When the shaking eased, he turned the signet over in his palm, letting its weak glow light her face. "I need to know," he said, throat gravel. "Are you clean?"

She met the light head-on. No burn, no flicker of protest. "I need to know the same of you…", she turned her gaze down not meeting Evan's eyes, "Though at this point it doesn't matter anymore. In the Concord's eyes, you are the mole and you cannot disprove them."

Evan lifted his signet again pointing it to Sura. A violet glint flashed across its edges as if threatening to shred Sura alive.

"So, it was all a setup by you? To frame me?" Evan roared.

But Sura didn't even flinch as she stared at Evan with a trace of pity and helplessness. She could only let out a painful sigh.

"Evan… I think you need to clear your head. You are far too shaken now. I know that feeling," she said with pain in her voice. "Because no matter what I tell you now, I cannot prove my innocence and neither can you."

Evan still kept his stance pointing his signet at her despite his open wounds.

"If patience is not on the table, then kill me if you may. I don't have much left in this world anyway. Just make sure that the death is painless," she said and sank onto the opposite bunk, exhaustion pulling her shoulders low.

Silence spread, but it was not the lethal hush of a stalemate—more the heavy quiet of a medic's tent after triage. Wind prowled beyond the hidden walls; the stove ticked.

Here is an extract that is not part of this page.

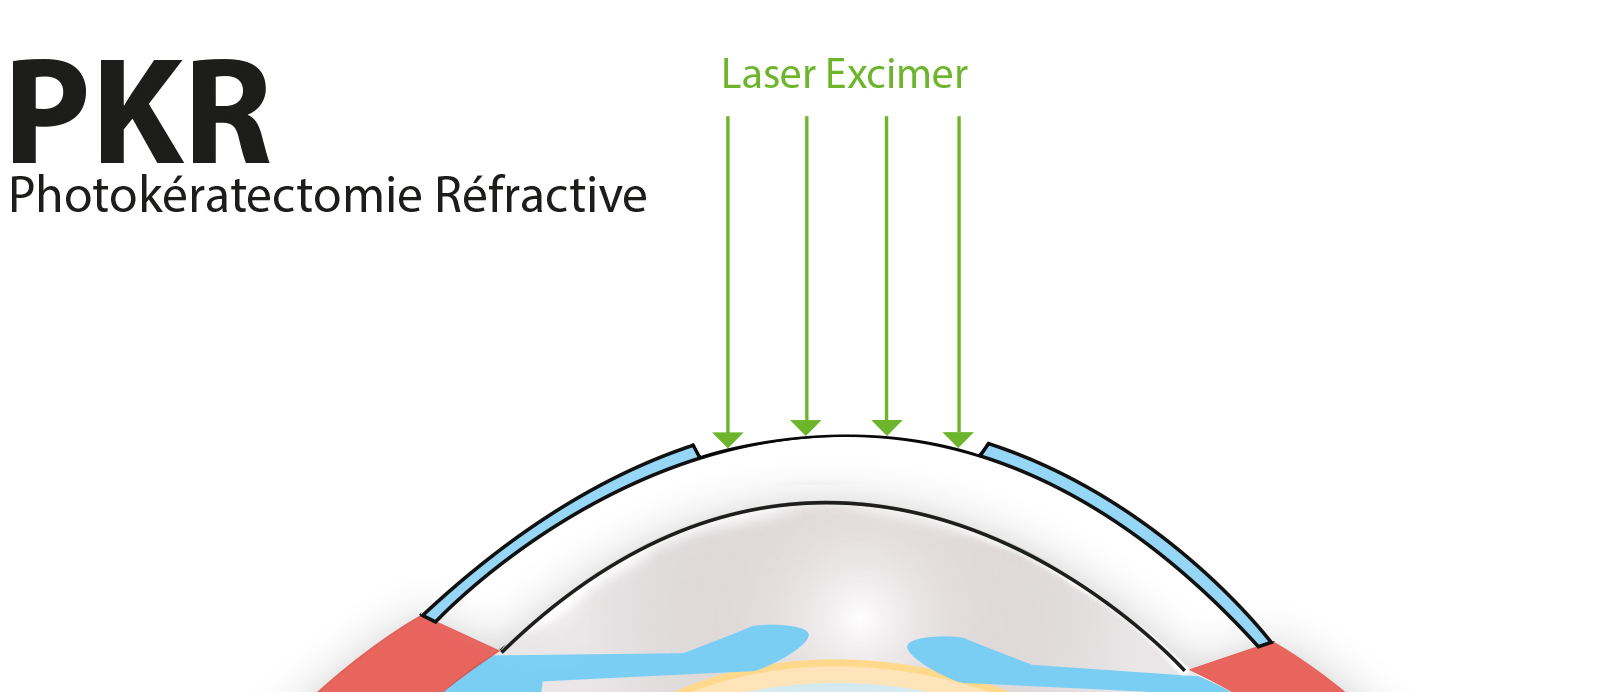 opération PKR myopie laser

Evan broke the stillness first. "Thought you were gone too. To be honest, I couldn't stand the idea of… being the last."

"I almost was," Sura admitted. "But as long as one of us draws breath, they don't own the story."

He nodded, eyes slipping closed. "Dawn," he murmured. "We decide what to do with that story."

"Dawn," she agreed.

The ring's dim light settled between them—small, steady, unwavering until sleep claimed them both.